### [RECORDS FOR THE TASK]
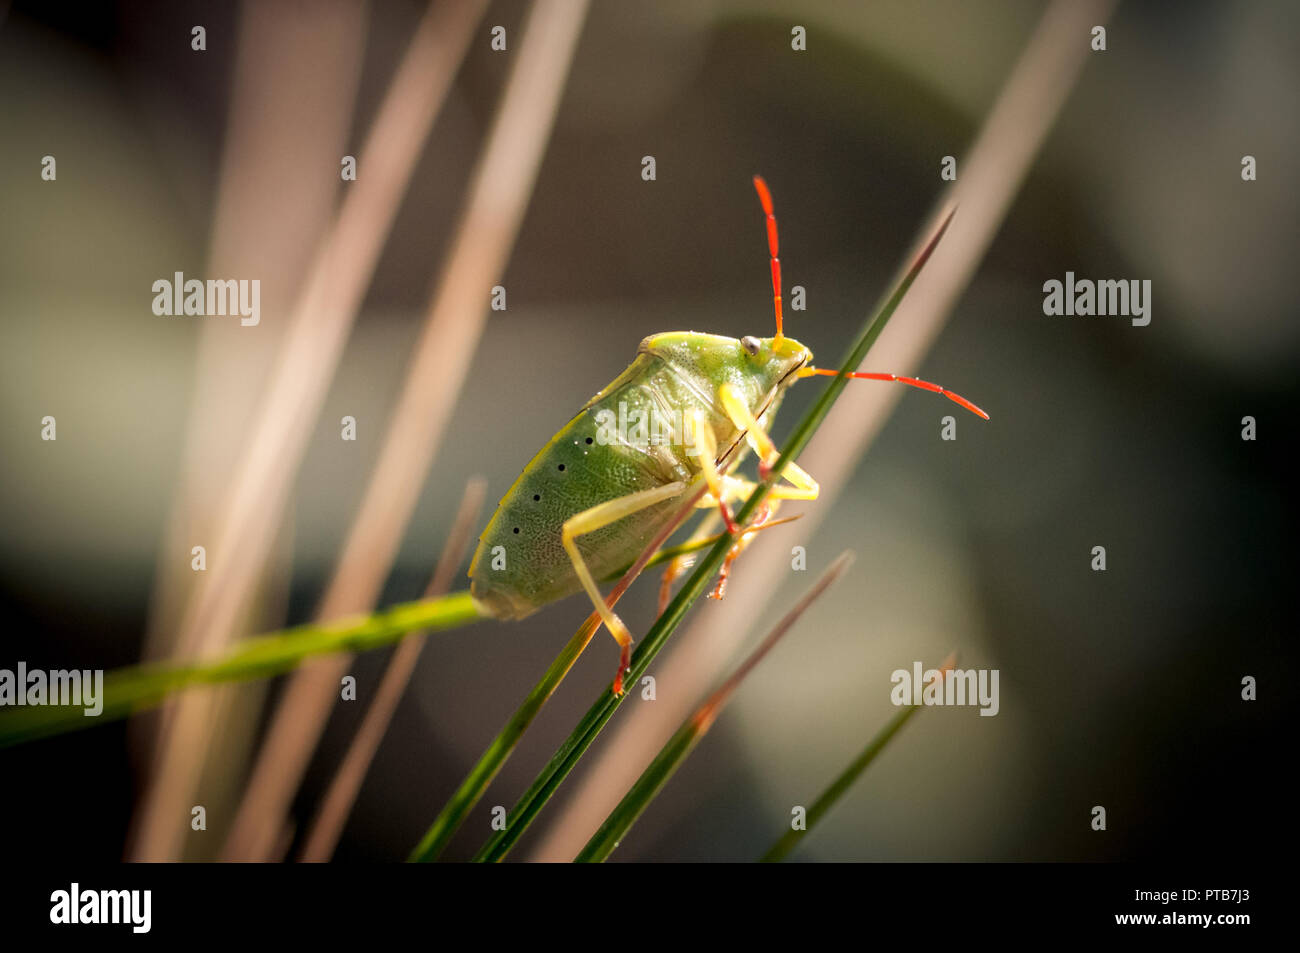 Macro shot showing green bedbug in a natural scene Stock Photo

==

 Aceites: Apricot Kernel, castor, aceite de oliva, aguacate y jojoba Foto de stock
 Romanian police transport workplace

### [BRIEF]
Reproduce exactly the lines above from the line with "Aceites: Apricot Kernel, castor, aceite" to the line with "Romanian police transport workplace", including both, and add nothing.

### [EXERCISE OUTPUT]
 Aceites: Apricot Kernel, castor, aceite de oliva, aguacate y jojoba Foto de stock
 Romanian police transport workplace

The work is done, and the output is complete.